§ WHAT YOU WILL DO: Across the whole listing, return each line exactly, with no images included.

§ DATA BLOCK:

----

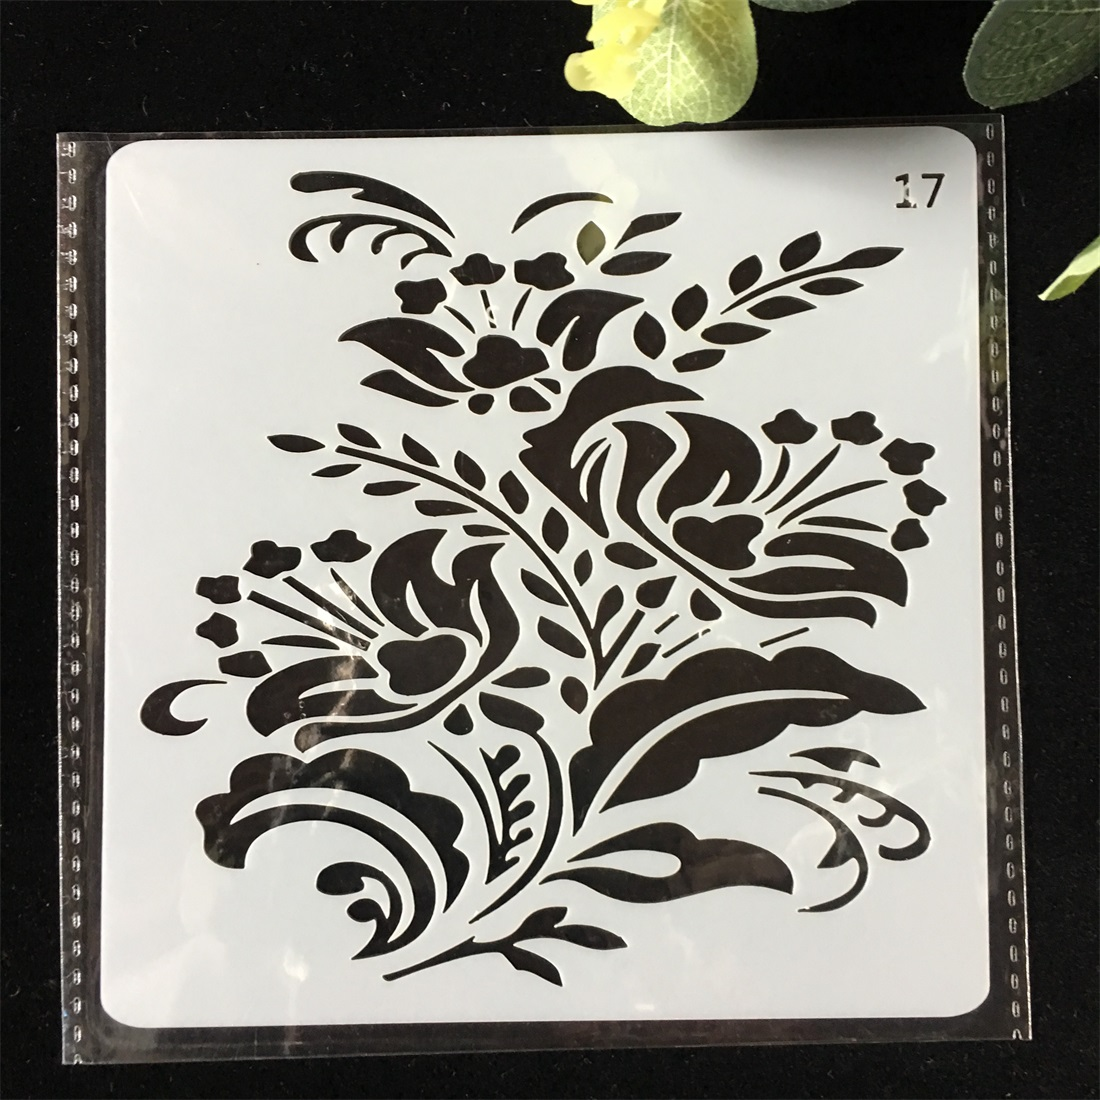 1Pcs 13cm Flower DIY Layering Stencils Wall Painting Scrapbook Coloring Embossing Album Decorative Card Template
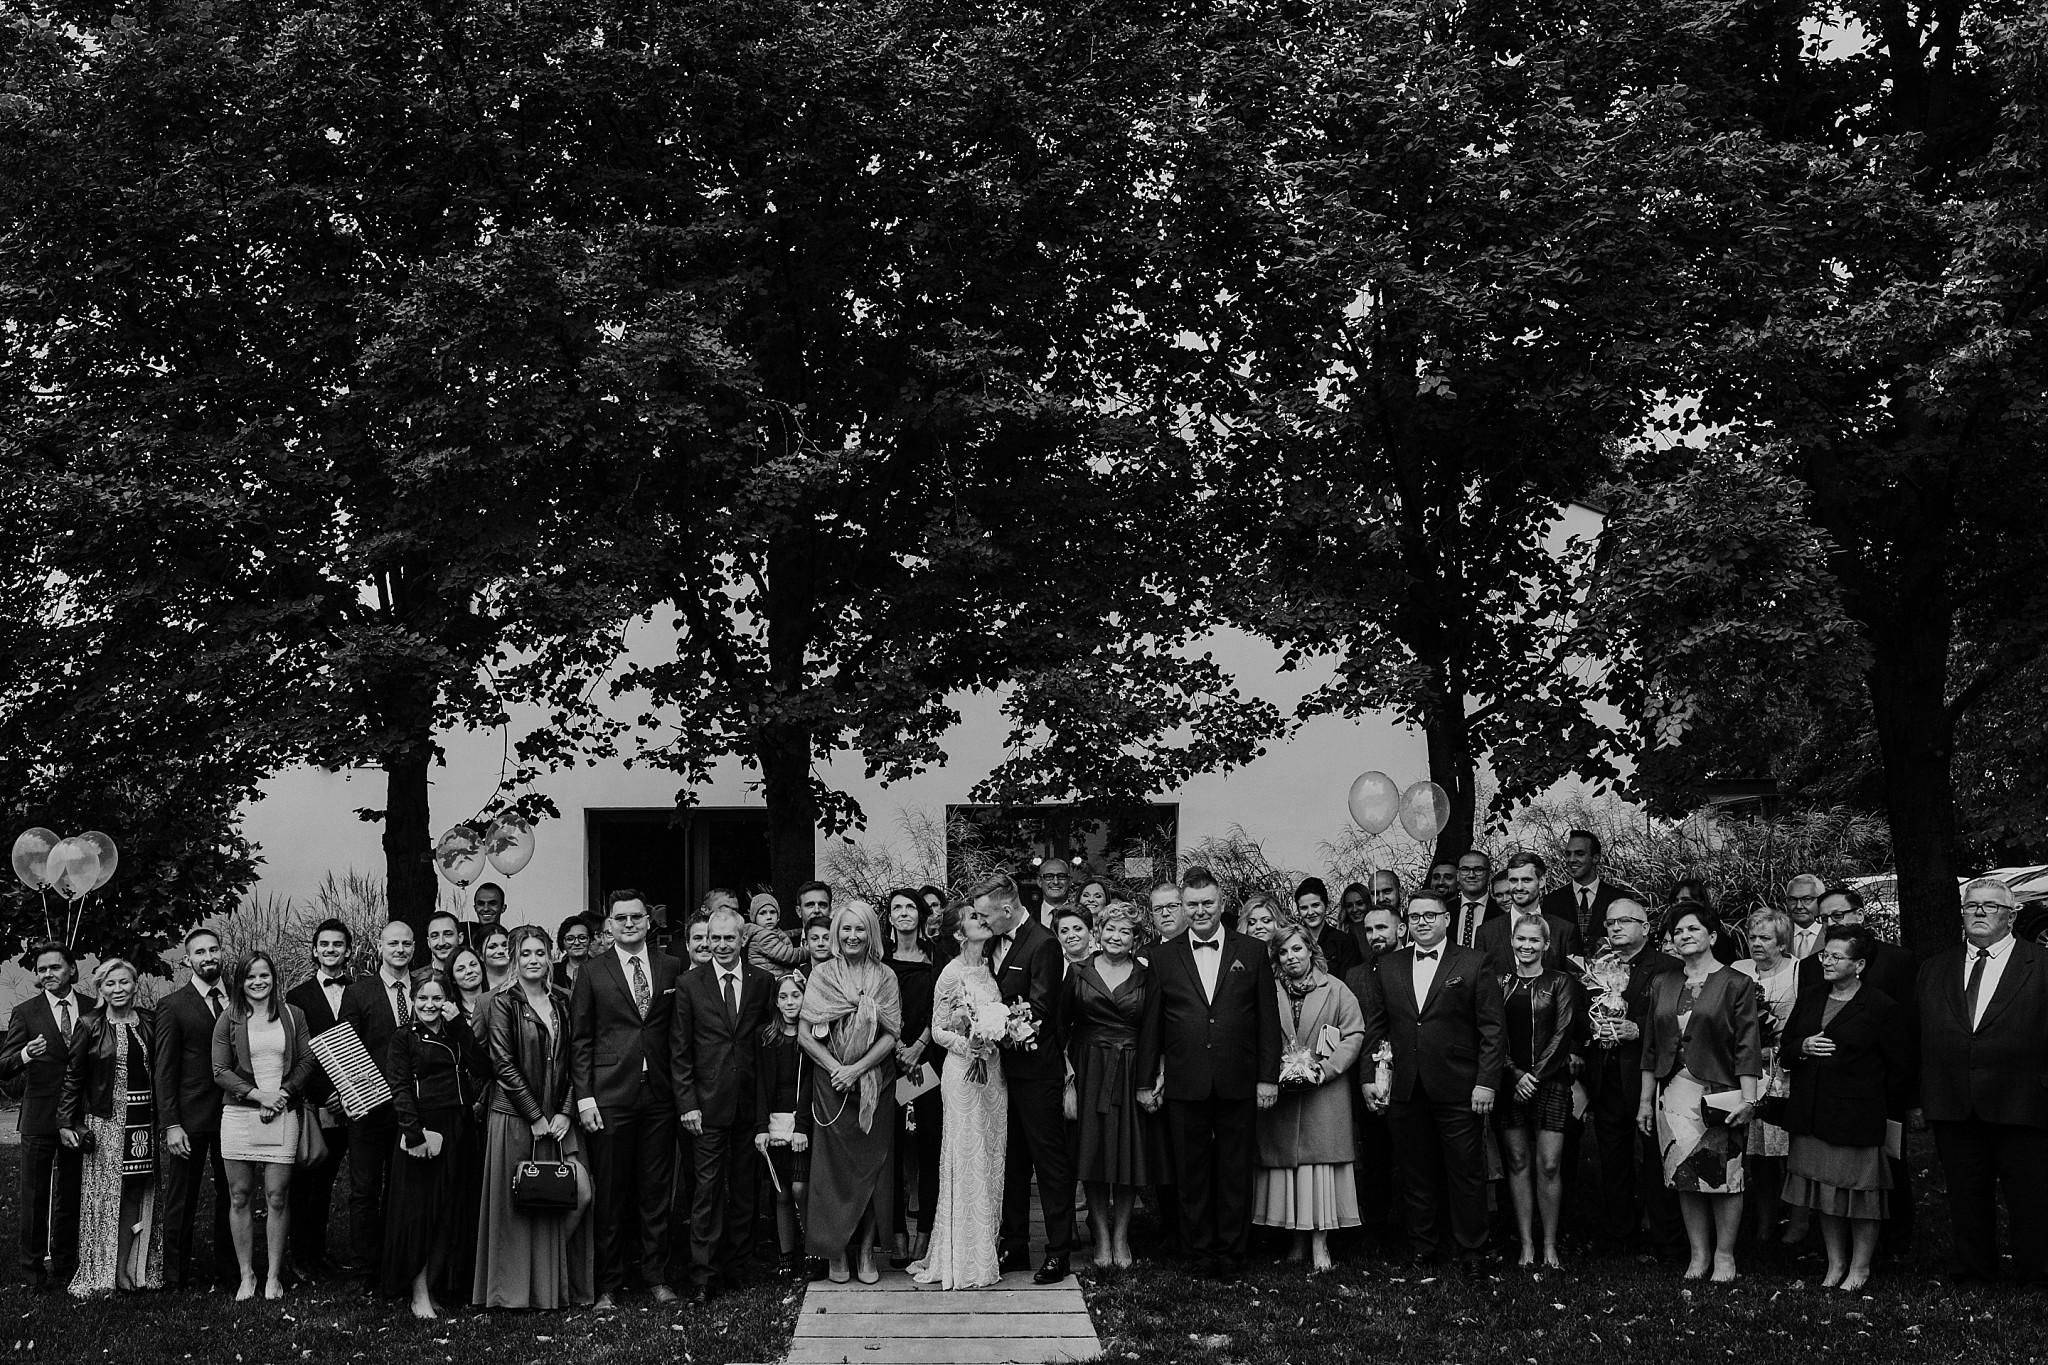 fotograf poznan wesele dobra truskawka piekne wesele pod poznaniem wesele w dobrej truskawce piekna para mloda slub marzen slub koronawirus slub listopad wesele koronawirus 261
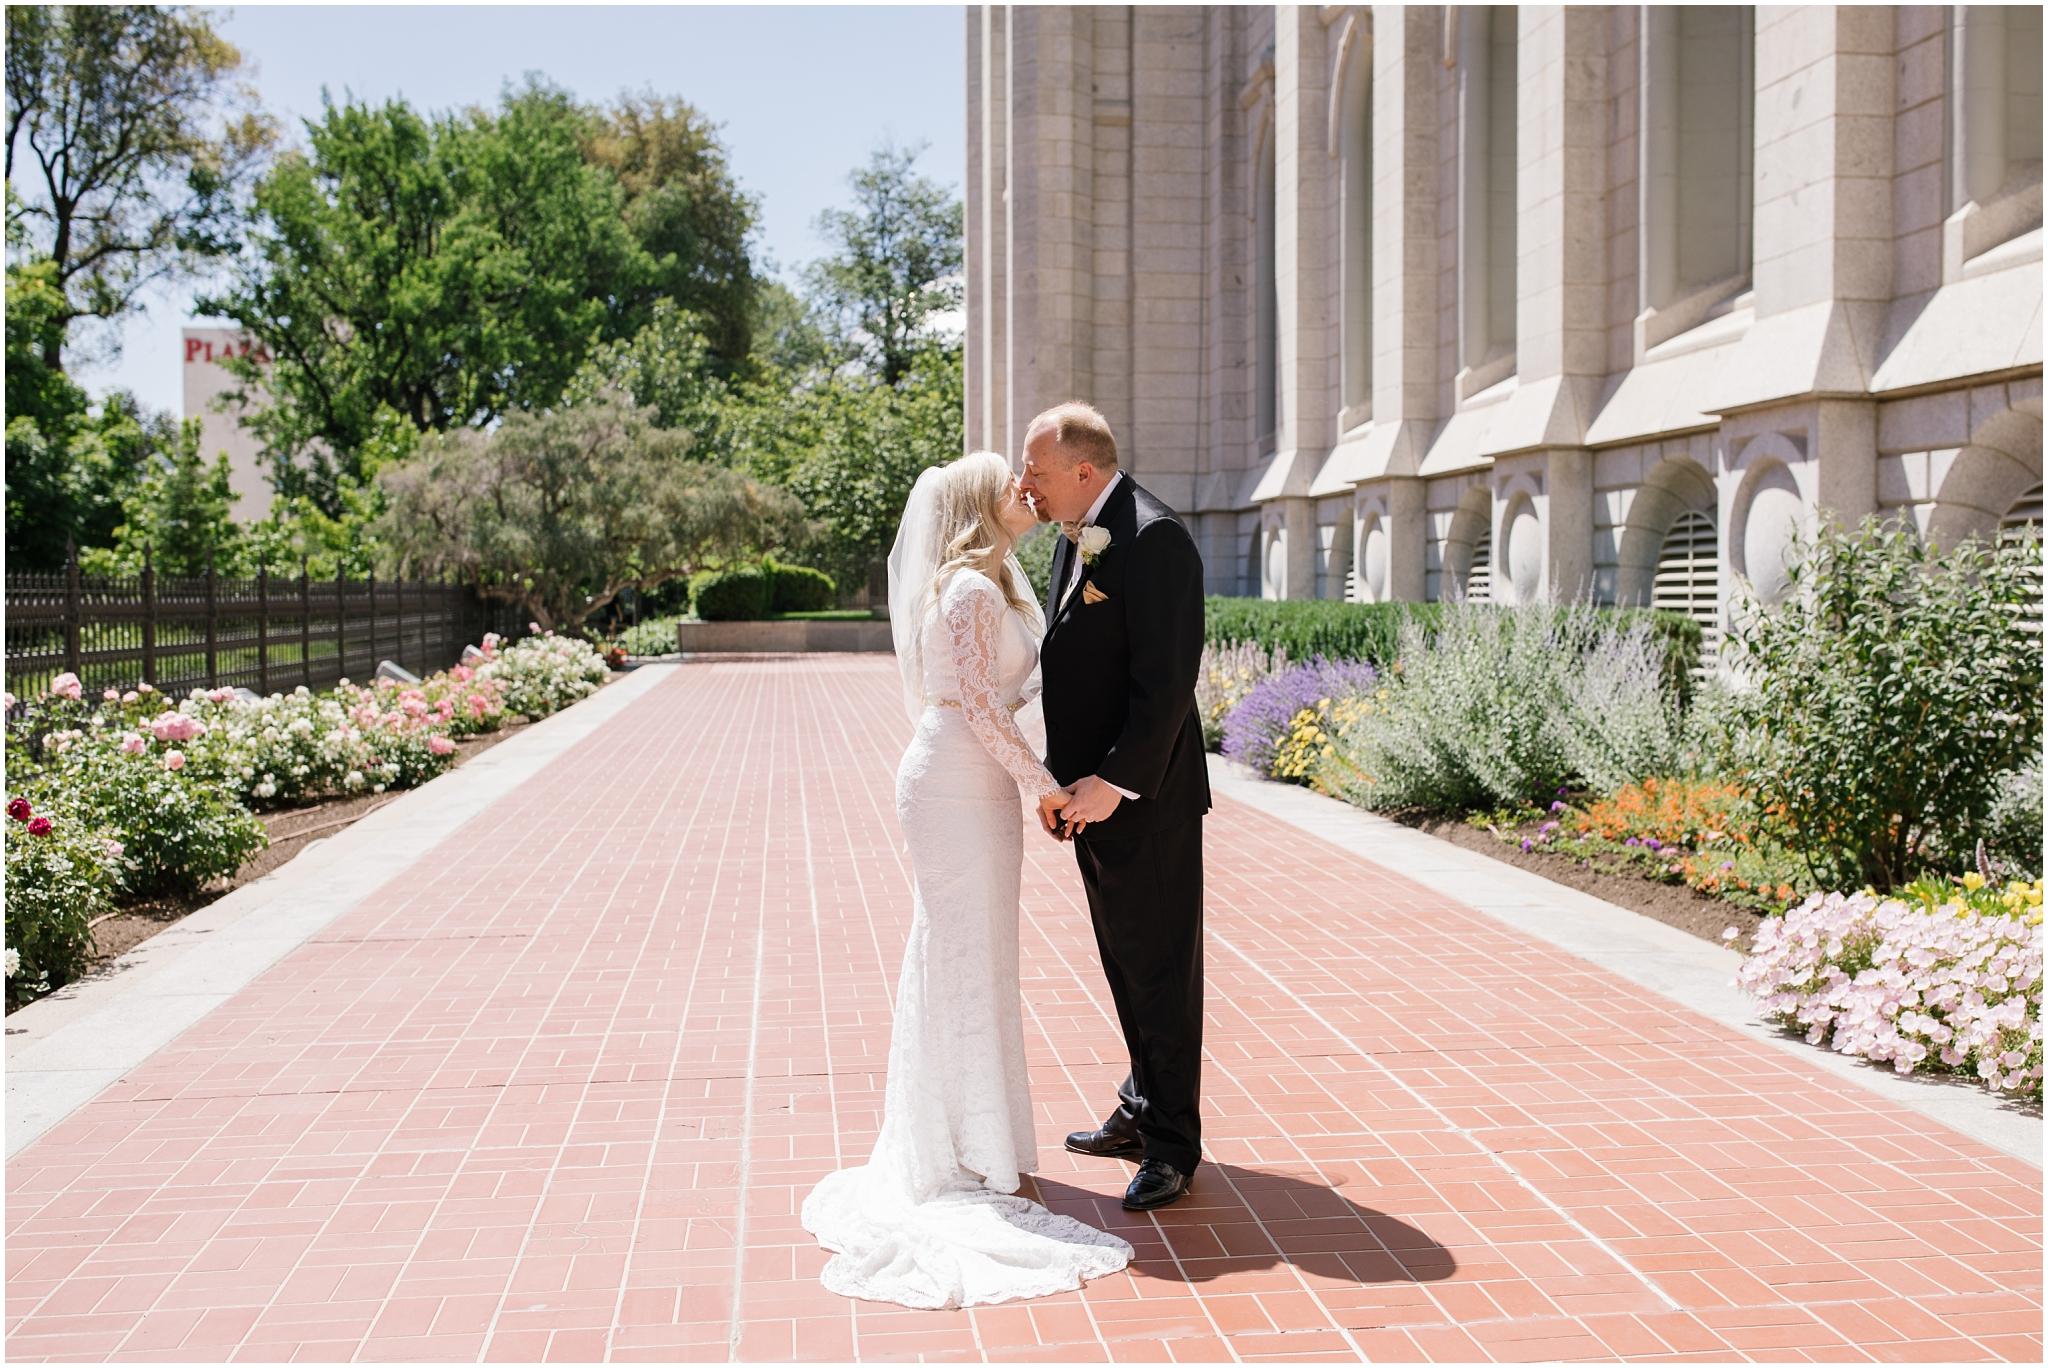 CherylandTyler-185_Lizzie-B-Imagery-Utah-Wedding-Photographer-Salt-Lake-City-Temple-Wells-Fargo-Building-Reception.jpg
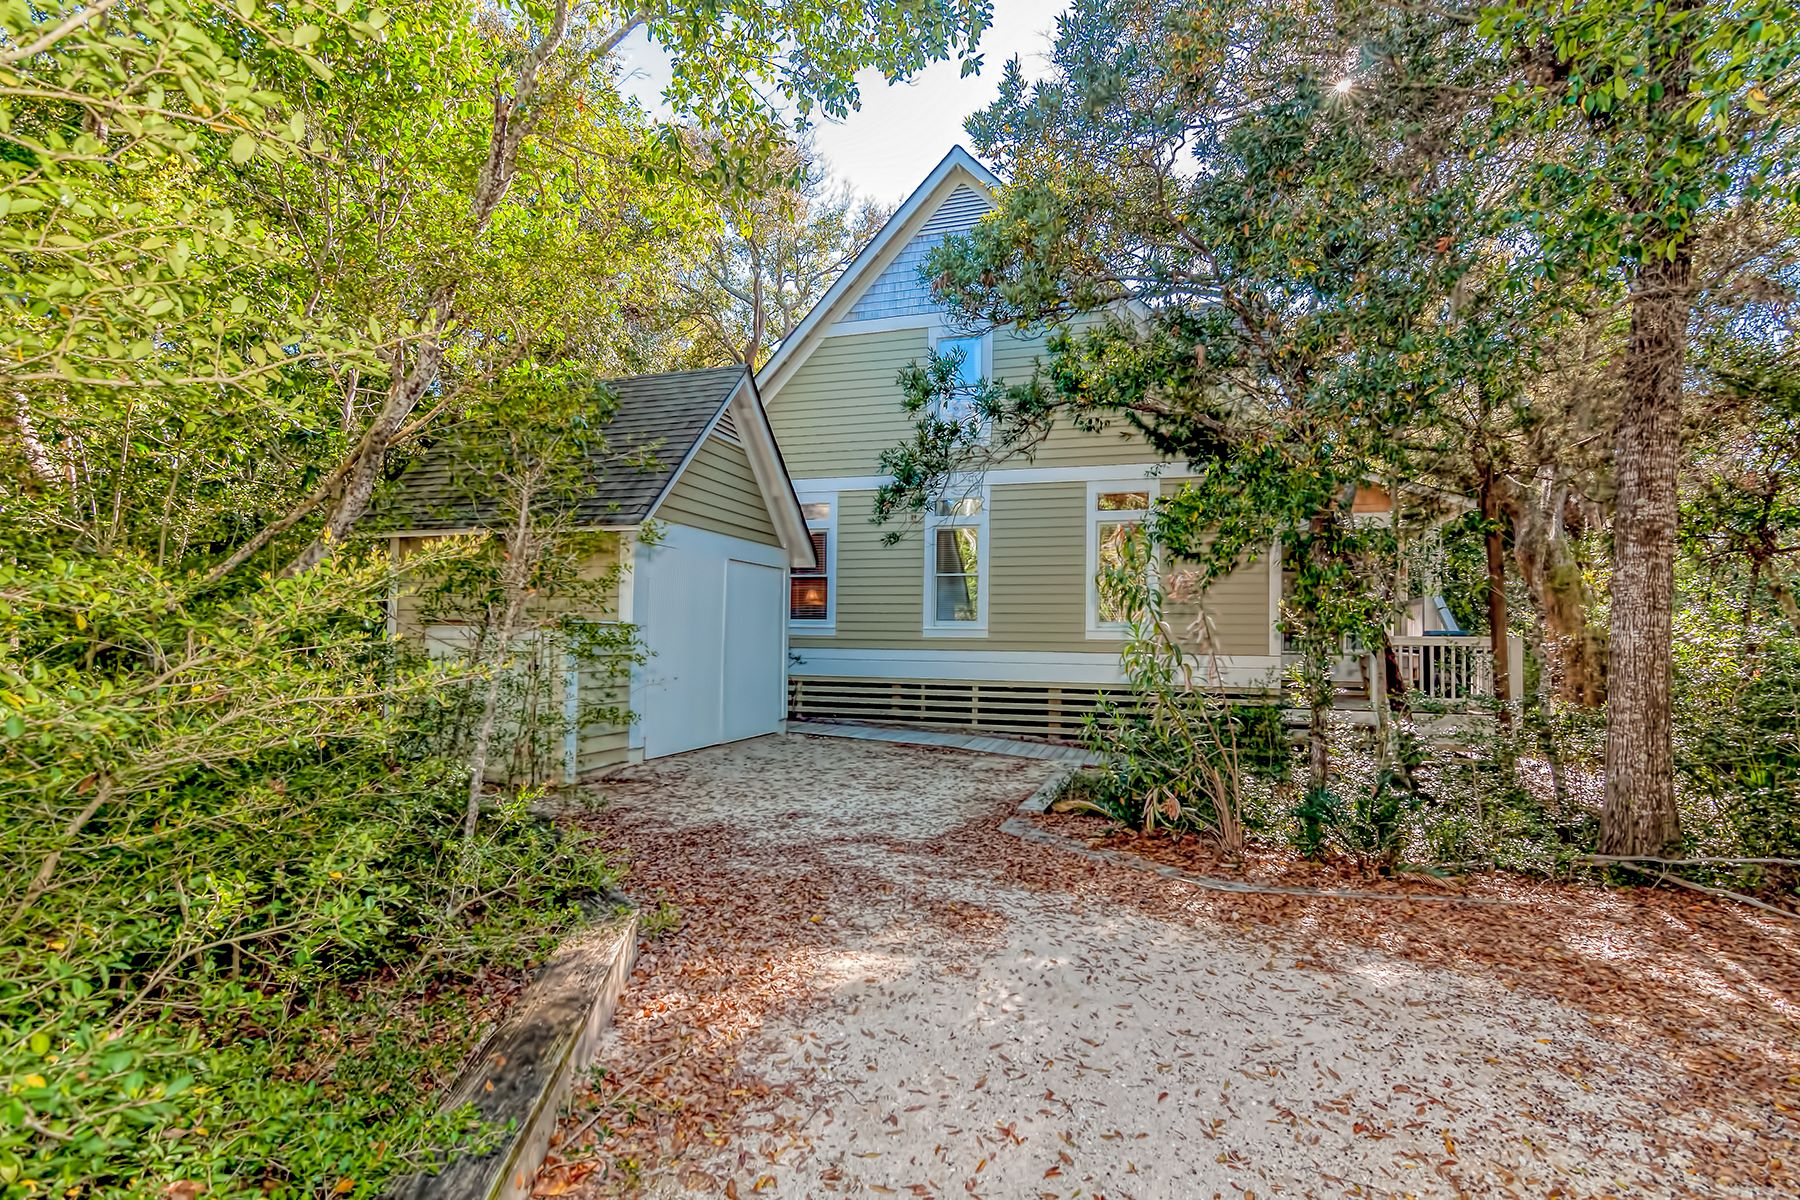 Casa Unifamiliar por un Venta en Beach Cottage among the Island's Magical Live Oaks 11 Sandwich Tern Trail, Bald Head Island, Carolina Del Norte, 28461 Estados Unidos

----

§ COMPLETED TASK:
 1Pcs 13cm Flower DIY Layering Stencils Wall Painting Scrapbook Coloring Embossing Album Decorative Card Template
 fotograf poznan wesele dobra truskawka piekne wesele pod poznaniem wesele w dobrej truskawce piekna para mloda slub marzen slub koronawirus slub listopad wesele koronawirus 261
 CherylandTyler-185_Lizzie-B-Imagery-Utah-Wedding-Photographer-Salt-Lake-City-Temple-Wells-Fargo-Building-Reception.jpg
 Casa Unifamiliar por un Venta en Beach Cottage among the Island's Magical Live Oaks 11 Sandwich Tern Trail, Bald Head Island, Carolina Del Norte, 28461 Estados Unidos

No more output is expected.